§ Try it: The listing is to be reproduced exactly, excluding its pictures.

§ Dataset content:
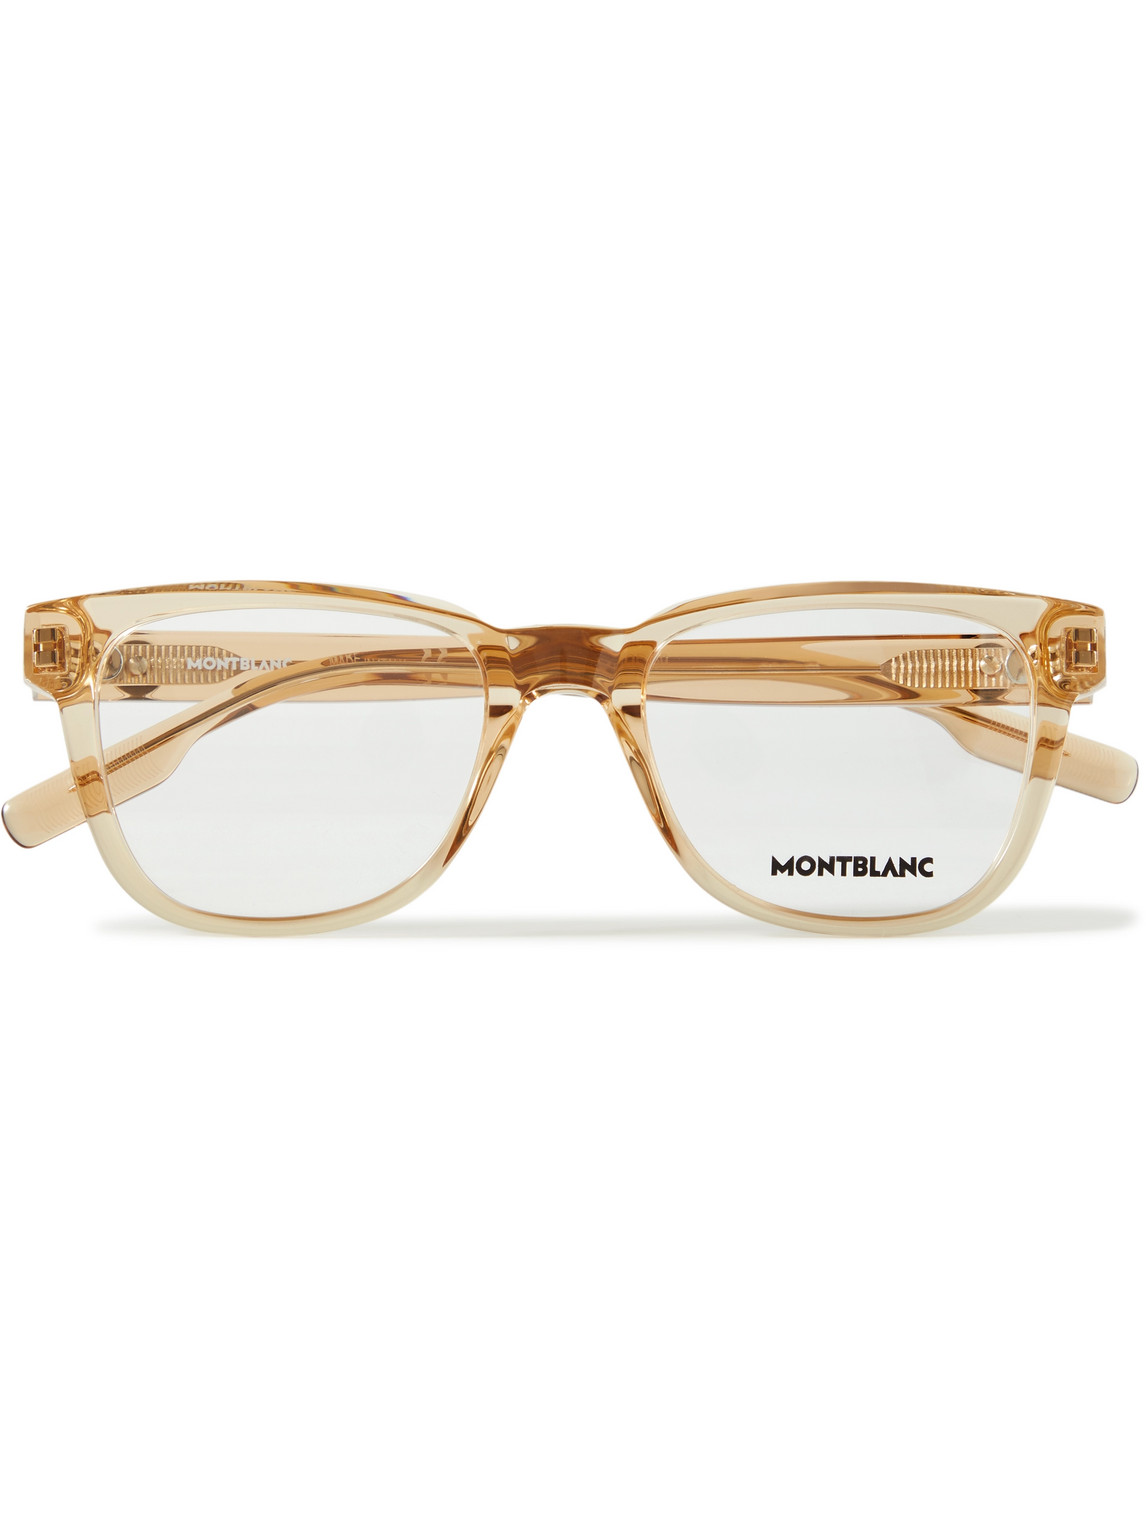 Montblanc Square-frame Acetate Optical Glasses In Orange
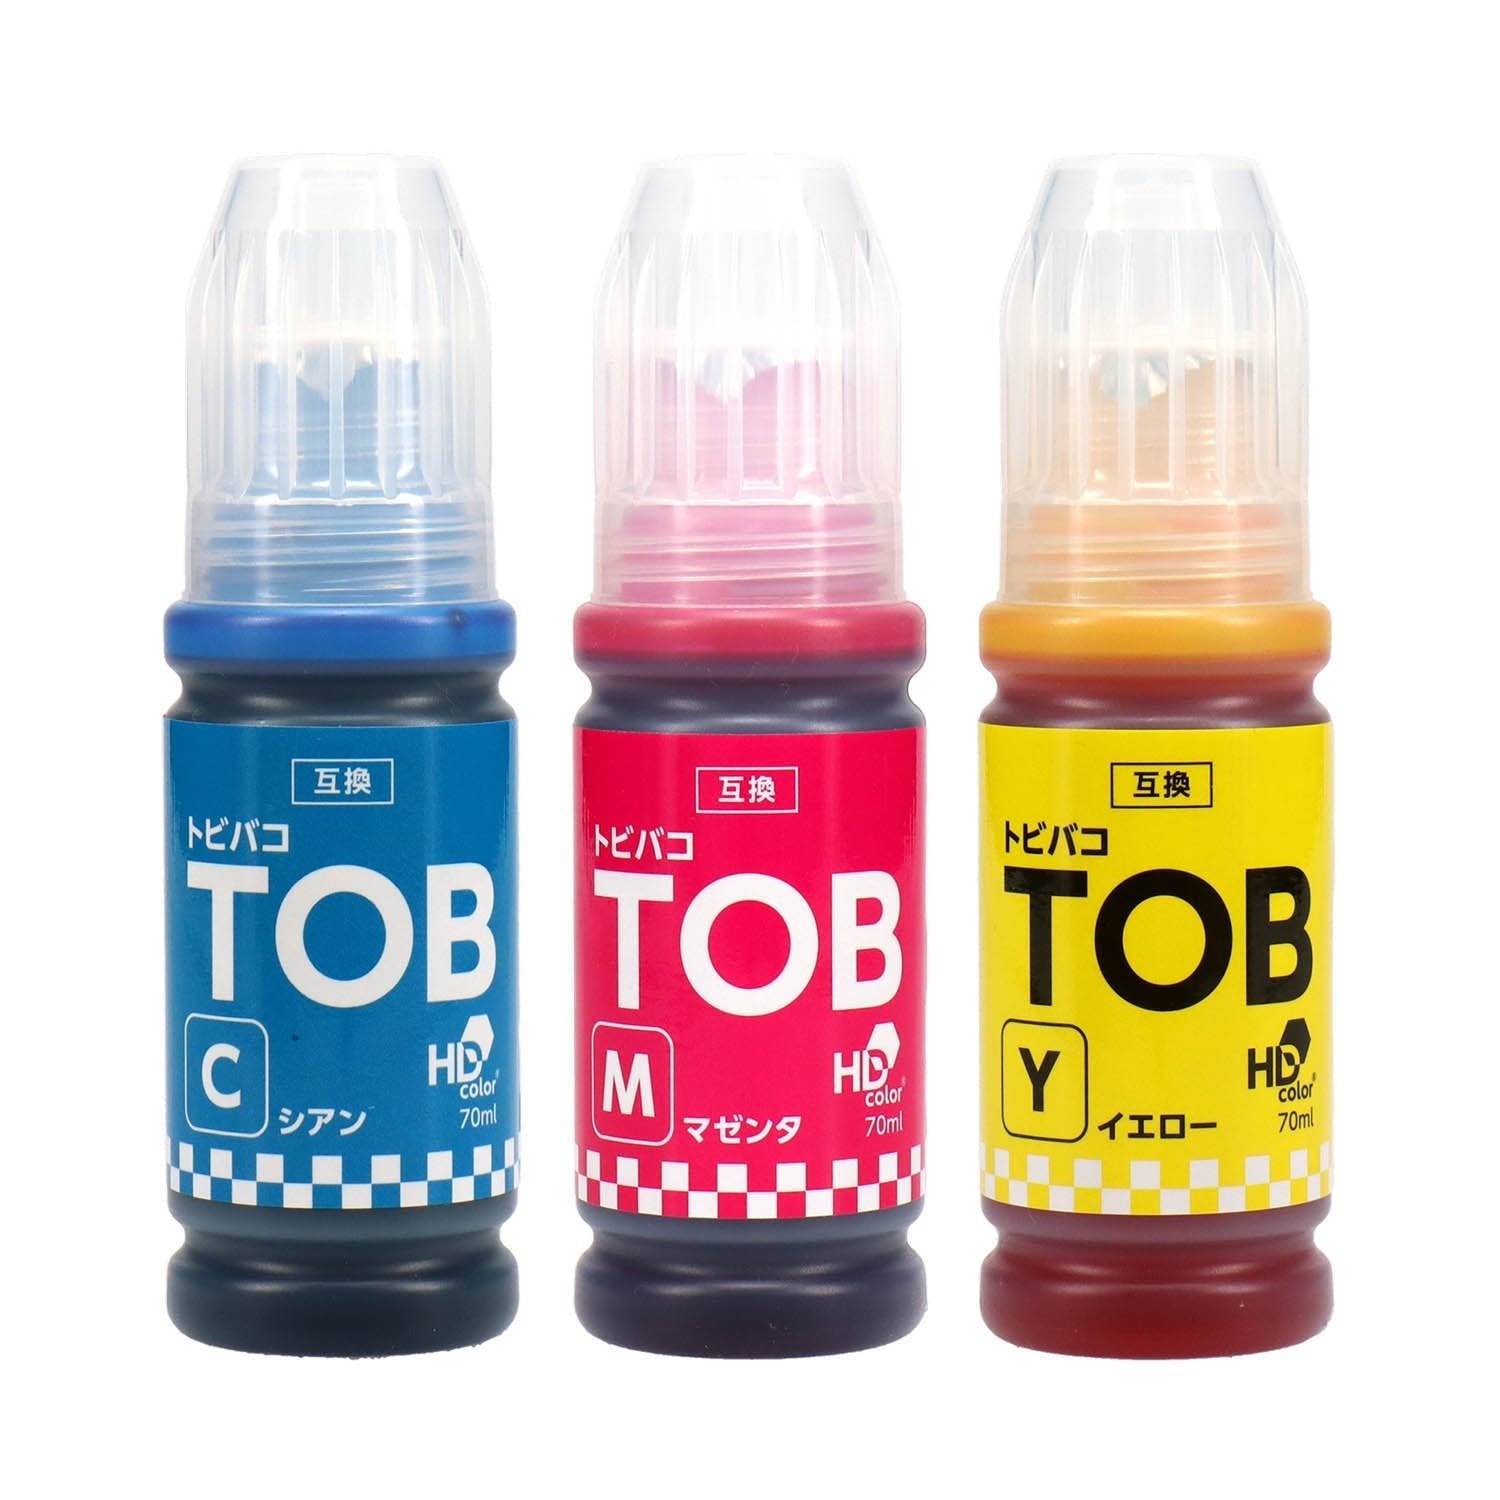 エプソン用 TOB (トビバコ) 互換インクボトル カラー3色
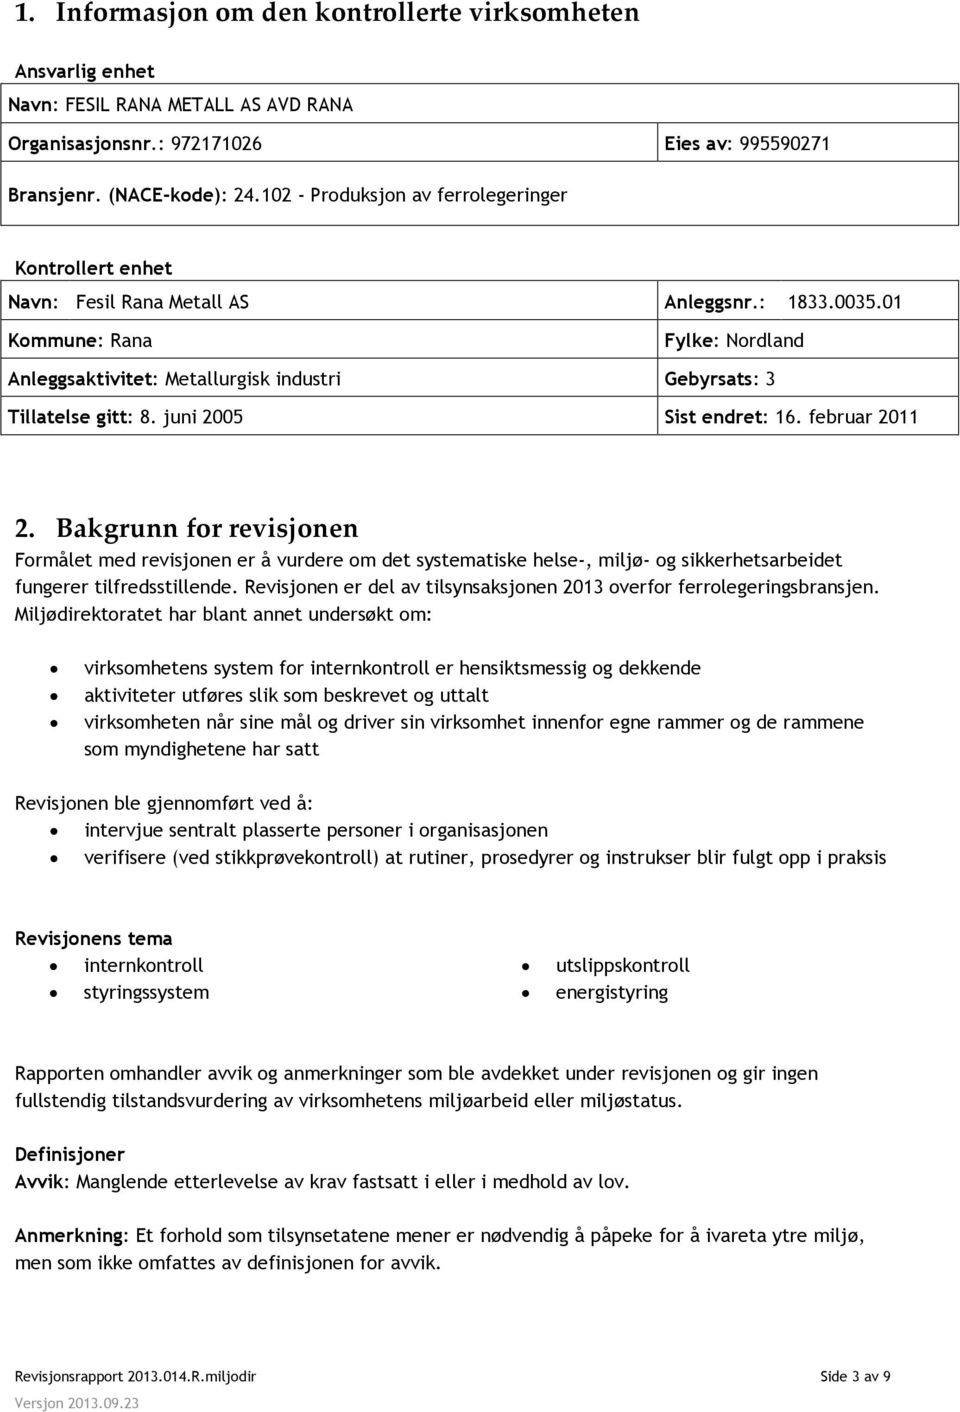 01 Kommune: Rana Fylke: Nordland Anleggsaktivitet: Metallurgisk industri Gebyrsats: 3 Tillatelse gitt: 8. juni 2005 Sist endret: 16. februar 2011 2.

§ Result below:
 Montblanc Square-frame Acetate Optical Glasses In Orange
 エプソン用 TOB (トビバコ) 互換インクボトル カラー3色
 01 Kommune: Rana Fylke: Nordland Anleggsaktivitet: Metallurgisk industri Gebyrsats: 3 Tillatelse gitt: 8. juni 2005 Sist endret: 16. februar 2011 2.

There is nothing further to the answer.